А теперь ставлю вопрос ребром: сколько ключевых звеньев в системе государственного управления надо подобным образом вывести за все возможные скобки, чтобы система в одночасье развалилась? При том, что ни о каких революционных очищениях речь, как мы понимаем, не идет. Нет ни революционной атмосферы, ни революционных кадров.

Но, может быть, Конституционный Суд и впрямь так погряз в сервильности, что он сам себя вывел за скобки, став придатком к кремлевской администрации, стремящейся перевести страну на рельсы политической деспотии?

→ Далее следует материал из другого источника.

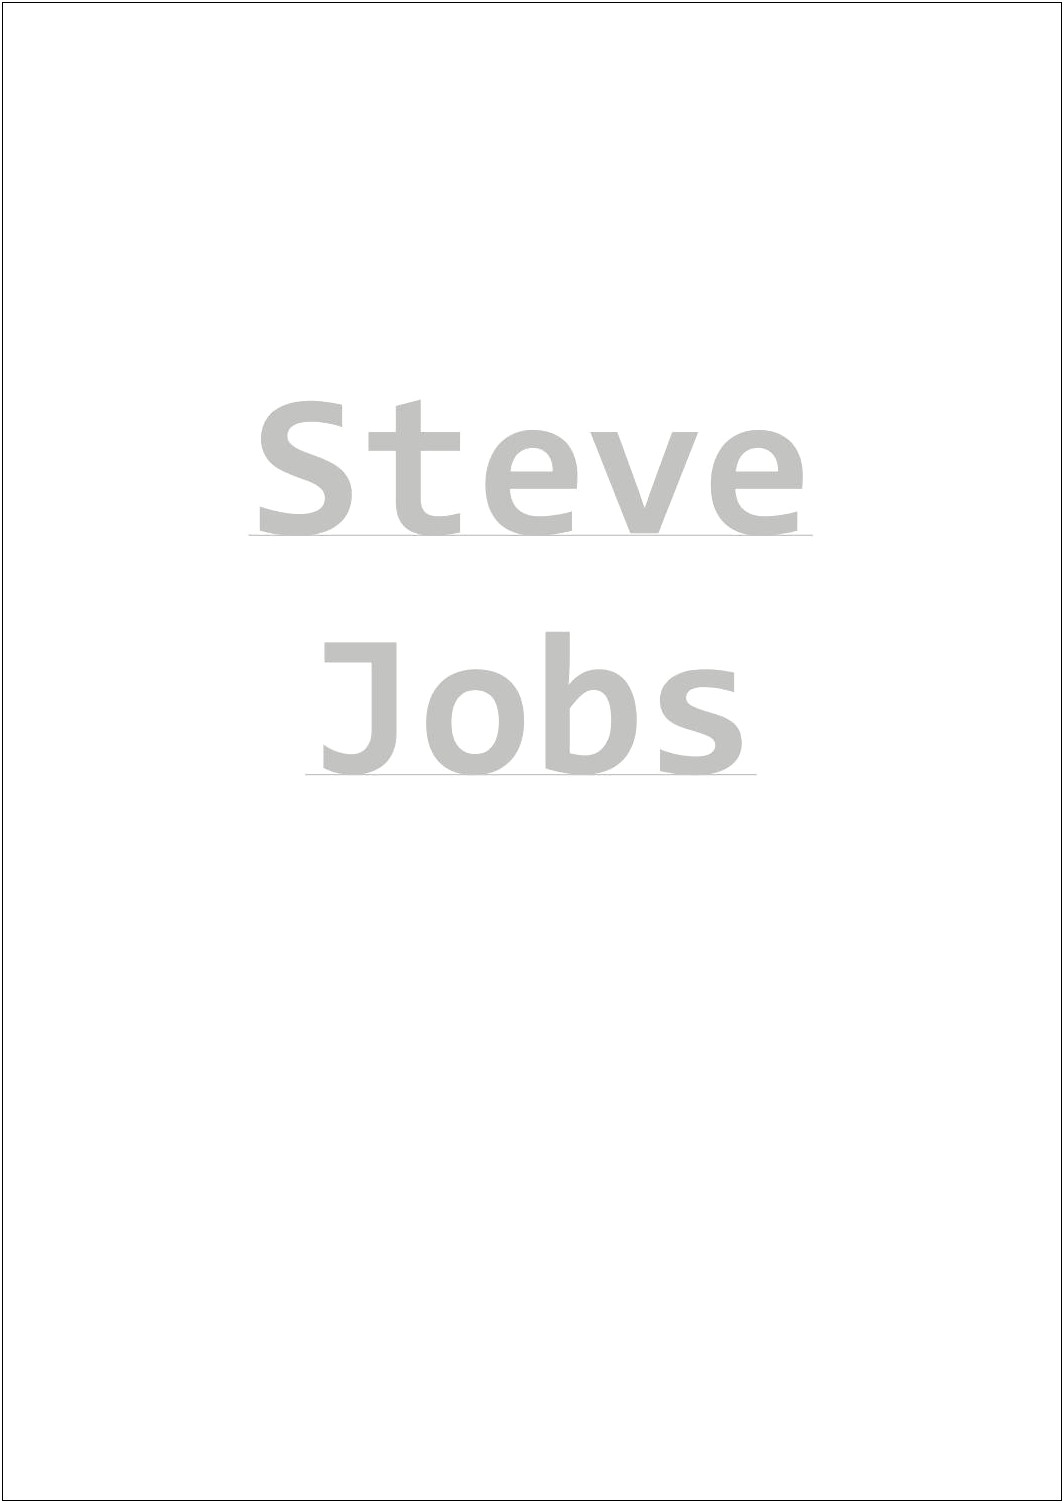 Steve Jobs Biografia Resumida Yahoo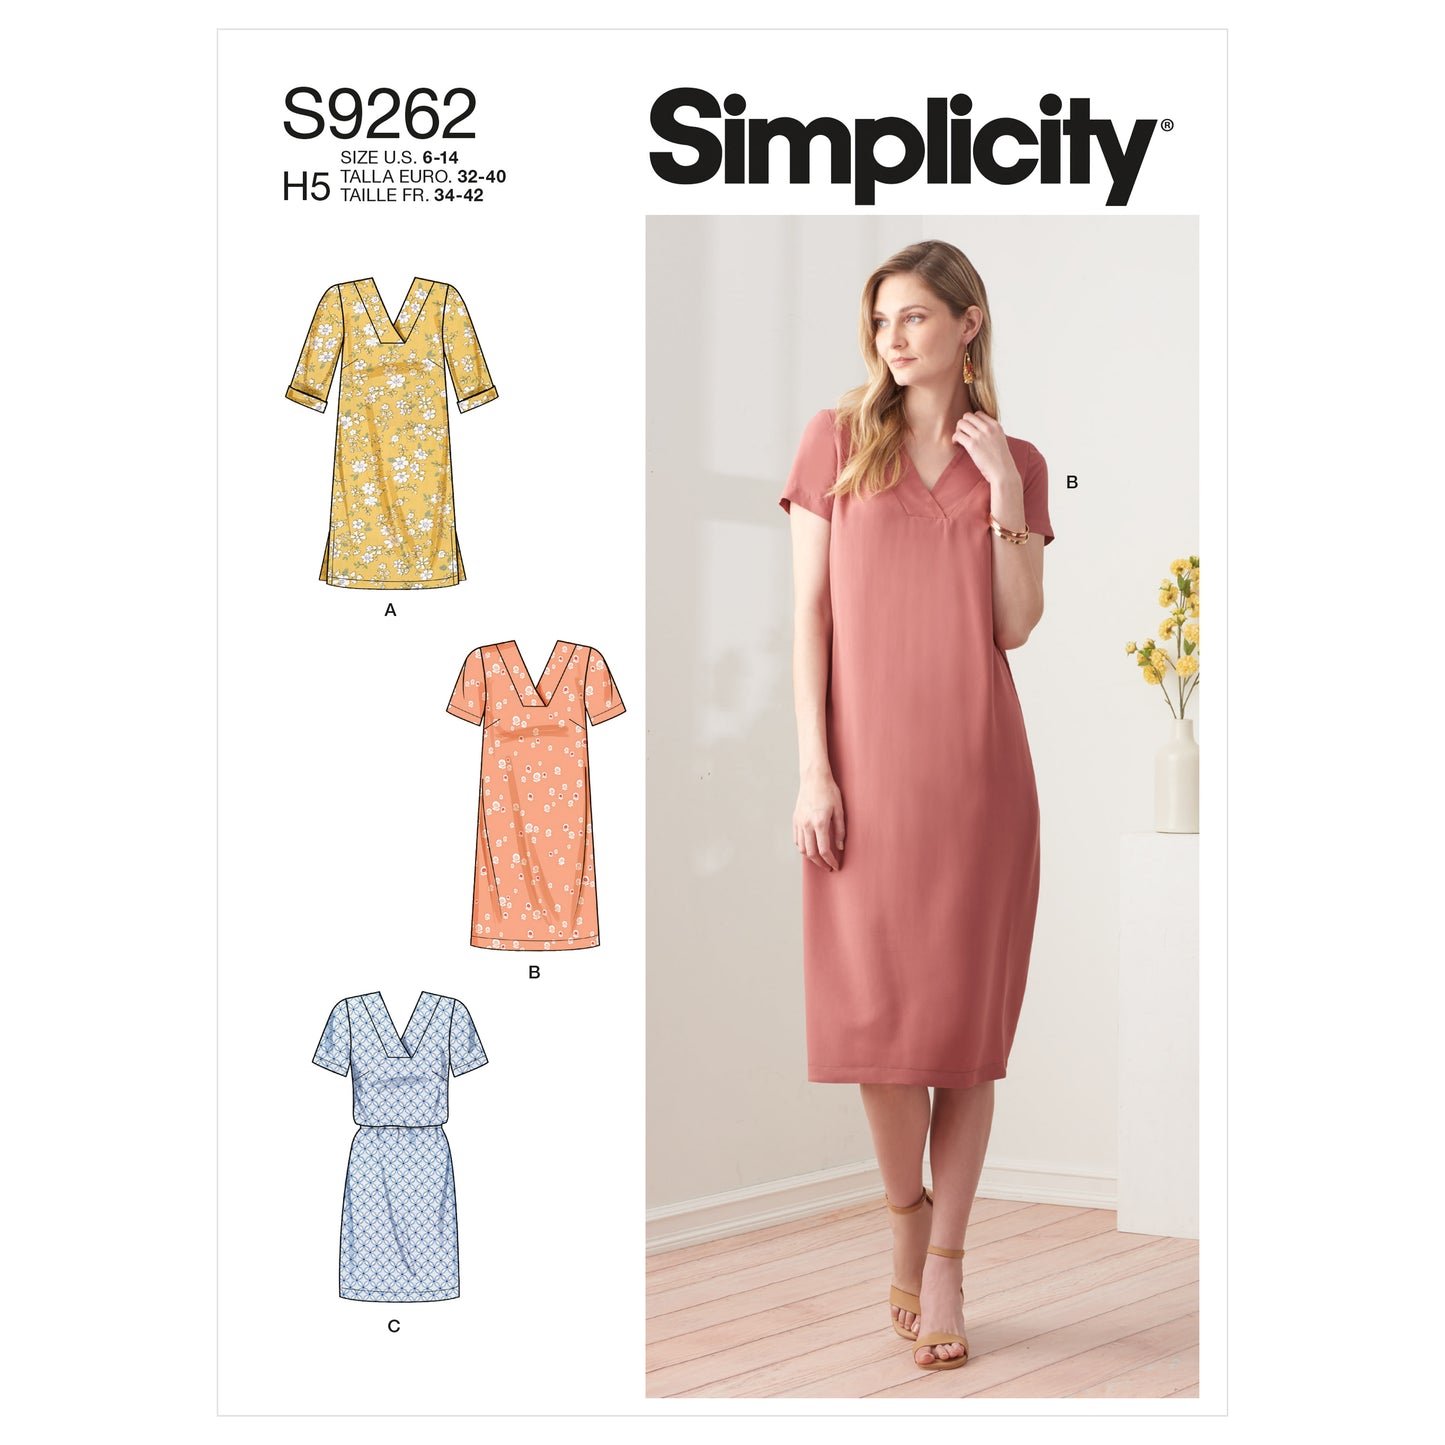 Simplicity 9262

Чем необходимое обсуждение такого вопроса отличается от грязного бездоказательного пиара, то бишь информационной войны? Известно, чем! Тот, кто всерьез обсуждает вопрос, не может игнорировать факты. А тот, кто ведет информационную войну, может.

19 ноября 2009 года Конституционный Суд Российской Федерации принял решение, согласно которому смертная казнь в России отменена. Это - непопулярное решение, которое Конституционный Суд совершенно не обязан был принимать в том виде, в каком оно было принято. Ему гораздо легче было переложить ответственность на законодательную власть. Но КС поступил иначе.

Итак, КС принял решение, во-первых, очевидным образом либеральное. И, во-вторых, столь же очевидным образом непопулярное. А ведь именно в неспособности КС принимать такие решения - суть демаршей Ярославцева и Кононова: "Мы-де, мол, либеральные люди! Люди просвещенные! Мы - настоящие западники! А наши коллеги настроены антилиберально, антизападно. Так же, как и руководящий их деятельностью Кремль! Стремящийся к установлению в стране политической деспотии".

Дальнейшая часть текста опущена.